Excerpts from a dataset:
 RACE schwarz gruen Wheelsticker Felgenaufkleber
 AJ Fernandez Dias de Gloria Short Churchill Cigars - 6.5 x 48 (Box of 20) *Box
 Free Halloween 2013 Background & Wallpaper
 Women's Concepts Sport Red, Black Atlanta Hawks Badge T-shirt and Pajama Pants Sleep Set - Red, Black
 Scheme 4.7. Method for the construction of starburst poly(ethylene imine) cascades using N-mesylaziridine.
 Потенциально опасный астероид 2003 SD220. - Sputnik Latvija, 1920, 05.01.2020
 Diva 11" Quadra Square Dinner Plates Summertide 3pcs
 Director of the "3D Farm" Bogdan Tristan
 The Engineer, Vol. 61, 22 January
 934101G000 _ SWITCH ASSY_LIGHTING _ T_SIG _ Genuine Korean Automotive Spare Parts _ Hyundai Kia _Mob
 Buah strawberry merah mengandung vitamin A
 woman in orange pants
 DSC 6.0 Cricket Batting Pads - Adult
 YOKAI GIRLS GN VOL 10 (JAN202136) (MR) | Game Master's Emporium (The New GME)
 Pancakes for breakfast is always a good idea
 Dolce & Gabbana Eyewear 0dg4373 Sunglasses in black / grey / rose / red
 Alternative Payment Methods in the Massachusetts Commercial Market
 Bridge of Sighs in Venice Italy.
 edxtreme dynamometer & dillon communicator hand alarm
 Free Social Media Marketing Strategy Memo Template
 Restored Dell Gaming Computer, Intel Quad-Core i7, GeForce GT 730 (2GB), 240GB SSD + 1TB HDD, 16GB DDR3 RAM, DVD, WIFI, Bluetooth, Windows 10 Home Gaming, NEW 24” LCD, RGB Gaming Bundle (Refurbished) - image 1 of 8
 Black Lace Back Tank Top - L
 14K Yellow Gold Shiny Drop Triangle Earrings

** EXERCISE **
Output the data in full, exactly as it stands.

** EXERCISE RESULT **
 RACE schwarz gruen Wheelsticker Felgenaufkleber
 AJ Fernandez Dias de Gloria Short Churchill Cigars - 6.5 x 48 (Box of 20) *Box
 Free Halloween 2013 Background & Wallpaper
 Women's Concepts Sport Red, Black Atlanta Hawks Badge T-shirt and Pajama Pants Sleep Set - Red, Black
 Scheme 4.7. Method for the construction of starburst poly(ethylene imine) cascades using N-mesylaziridine.
 Потенциально опасный астероид 2003 SD220. - Sputnik Latvija, 1920, 05.01.2020
 Diva 11" Quadra Square Dinner Plates Summertide 3pcs
 Director of the "3D Farm" Bogdan Tristan
 The Engineer, Vol. 61, 22 January
 934101G000 _ SWITCH ASSY_LIGHTING _ T_SIG _ Genuine Korean Automotive Spare Parts _ Hyundai Kia _Mob
 Buah strawberry merah mengandung vitamin A
 woman in orange pants
 DSC 6.0 Cricket Batting Pads - Adult
 YOKAI GIRLS GN VOL 10 (JAN202136) (MR) | Game Master's Emporium (The New GME)
 Pancakes for breakfast is always a good idea
 Dolce & Gabbana Eyewear 0dg4373 Sunglasses in black / grey / rose / red
 Alternative Payment Methods in the Massachusetts Commercial Market
 Bridge of Sighs in Venice Italy.
 edxtreme dynamometer & dillon communicator hand alarm
 Free Social Media Marketing Strategy Memo Template
 Restored Dell Gaming Computer, Intel Quad-Core i7, GeForce GT 730 (2GB), 240GB SSD + 1TB HDD, 16GB DDR3 RAM, DVD, WIFI, Bluetooth, Windows 10 Home Gaming, NEW 24” LCD, RGB Gaming Bundle (Refurbished) - image 1 of 8
 Black Lace Back Tank Top - L
 14K Yellow Gold Shiny Drop Triangle Earrings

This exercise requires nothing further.